The invention pertains generally to control circuits for the actuation of solenoid devices and is more particularly directed to a driver circuit for controlling the current to the solenoid of an electro-magnetic fuel injector.
For the precise control of the air/fuel ratio of an internal combustion engine electronic fuel injection systems are being widely used today. These systems have an electronic control unit which generates a pulse width signal whose duration is indicative of the quantity of fuel to be input to the engine by sensing the instantaneous engine operating parameters. The pulse width signal controls the opening and closing of a plurality of electro-magnetic fuel injectors having solenoid actuated valves.
During the energized state of the injectors pressurized fuel is metered through the valve by an orifice or nozzle producing a predetermined flow rate. The flow rate multiplied by the actual open time of the injector will determine the quantity of fuel input to the engine. The precision of fuel flow control will be dependent upon matching the actual opening and closing times of the injectors to the duration of the control pulse from the electronic control unit.
Generally, solenoid driver circuits have been used to interface the electronic control unit and the fuel injectors. The solenoid driver circuits attempt to more equally match the mechanical operating characteristics of the valves to the electrical pulse width by regulating the current and voltage levels necessary to open and close the solenoids. The solenoid driver circuits may additionally gate the pulse width to individual groups of injectors.
One such prior art circuit that is known to be advantageous for the operation of this type of solenoid injector includes circuitry for generating a peak current through the coil of the injector solenoid in excess of the amount that is needed to open the valve or "pull in" the armature and then switching to a holding current which is above that at which the armature will close the valve or "drop out." This method insures the rapid opening of the injector by the peak current and the efficient use of power thereafter by the lower holding current which also allows the injector to close more quickly.
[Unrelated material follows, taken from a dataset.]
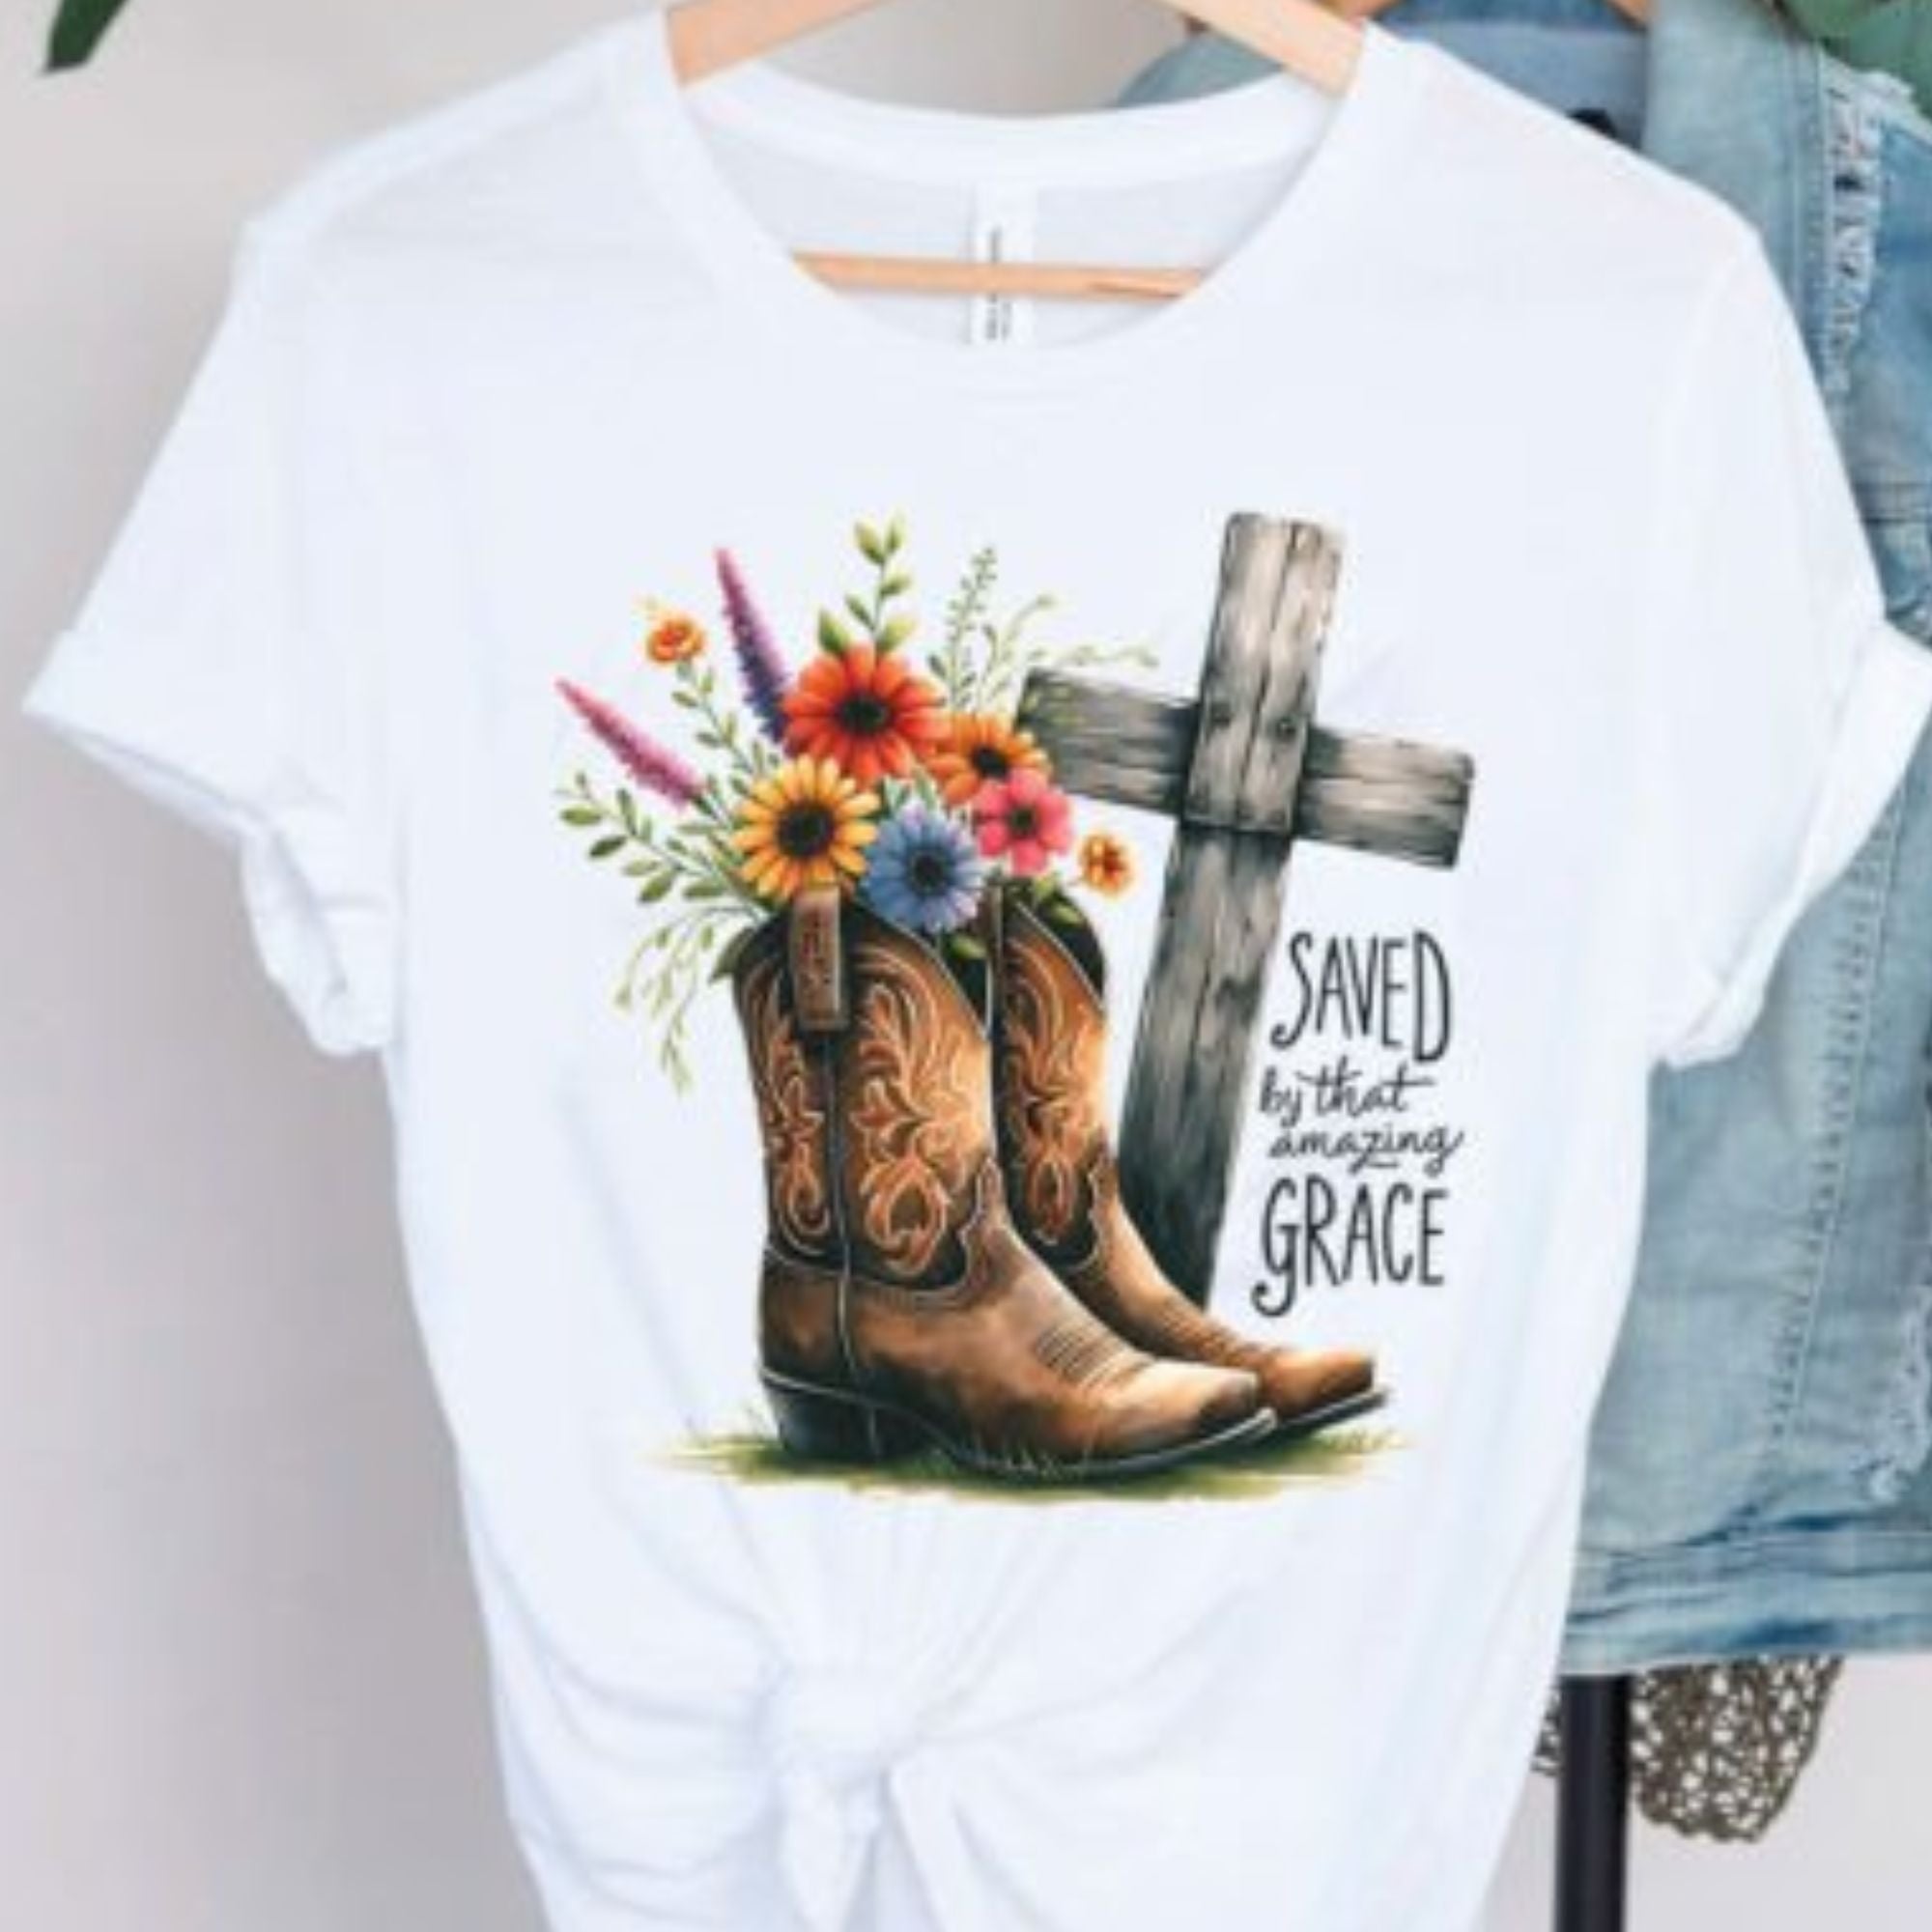 White cotton t-shirt with 'Saved by That Amazing Grace' saying and a design of flowers in cowboy boots next to an old wooden cross, available at Chivilla Bay.

However, not all solenoid injectors will operate consistently at their "pull in" current value and therefore the peak value must be set to a point sufficiently high enough to ensure all injectors will be open every time it is reached. This is because it is difficult to predict the exact opening time of an injector by assigning a certain current value as the value may change with age and will not be the same for different injectors. However, the opening of the valve can be predicted to occur sooner at higher battery voltage or later at lower battery voltage because the L/R time constant controlling the rise in current in the coil of the solenoid to the peak value will not change. Thus, to minimize inherent mechanical error, the valve should be opened as quickly as possible with the maximum battery voltage available.
In automotive systems differences in battery voltage may occur under air conditioning loads, cold cranking, and other conditions. The lack of regulation in the battery voltage will cause the injectors to open and close at undeterminable points. This will cause an error which is uncalibrated for in the electronic control unit and which is dependent upon the physical characteristics of the solenoids and variations in the applied source voltage.
At least two previous systems have attempted to overcome this problem. Illustrative of one solution is U.S. Pat. No. 3,725,678 issued to Reddy which is commonly assigned with the present application. The disclosure of Reddy is hereby expressly incorporated herein by reference. Reddy eliminates the opening and closing time differentials due to battery voltage change by closely regulating the voltage applied across the coils of the solenoids during the time the current is building to a peak and during the holding current period.
While advantageously equalizing the solenoid operational characteristics the regulated voltage initially applied to the coils is necessarily less than the full battery voltage available. As previously mentioned the application of the maximum battery voltage available at the opening wll permit the solenoid to operate in the shortest period of time and minimize the inherent mechanical error. This rapid operation is becoming increasingly important as the control pulse widths become shorter and linearity for the injector operation is necessitated into the millisecond operating range.
Another U.S. Pat. No. 4,092,717 issued to Di Nunzio discloses a system for stabilizing the opening time of an electromagnetic injector against variations in vehicle battery voltage. Di Nunzio teaches measuring a battery dependent delay from the termination of the control pulse until an empirically determined "drop out" current is reached and then subtracting that value from the subsequent injection cycle which initiates at an empirically determined "pull in" current.
In this type of system the pulse width indicating an error is not compensated according to deviation presently occurring but by that of a previous pulse width. Counting error in such a system may tend to accumulate rather than cancel. More importantly empirical measurement of two changing values of current for each injector must be made.
Further to more adequately equalize the closing times of the solenoid injectors the prior art has used a Zener diode connected between the coils of the injectors and a reference voltage. The Zener upon the disruption of the current supply to the coils will allow the voltage on the coil to build until it exceeds the breakdown voltage of the diode. Thereafter, the Zener produces a controlled rate of decay or dissipation of the stored energy so that the injectors close at the same rate every time. The time of closure after termination of the control pulse is however a function of the holding current level. The energy stored in the coils at turn off is 1/2Li.sup.2 and thus varies as the square of the holding current. The greater the holding current the longer it will take at the controlled decay rate to reach the drop out current.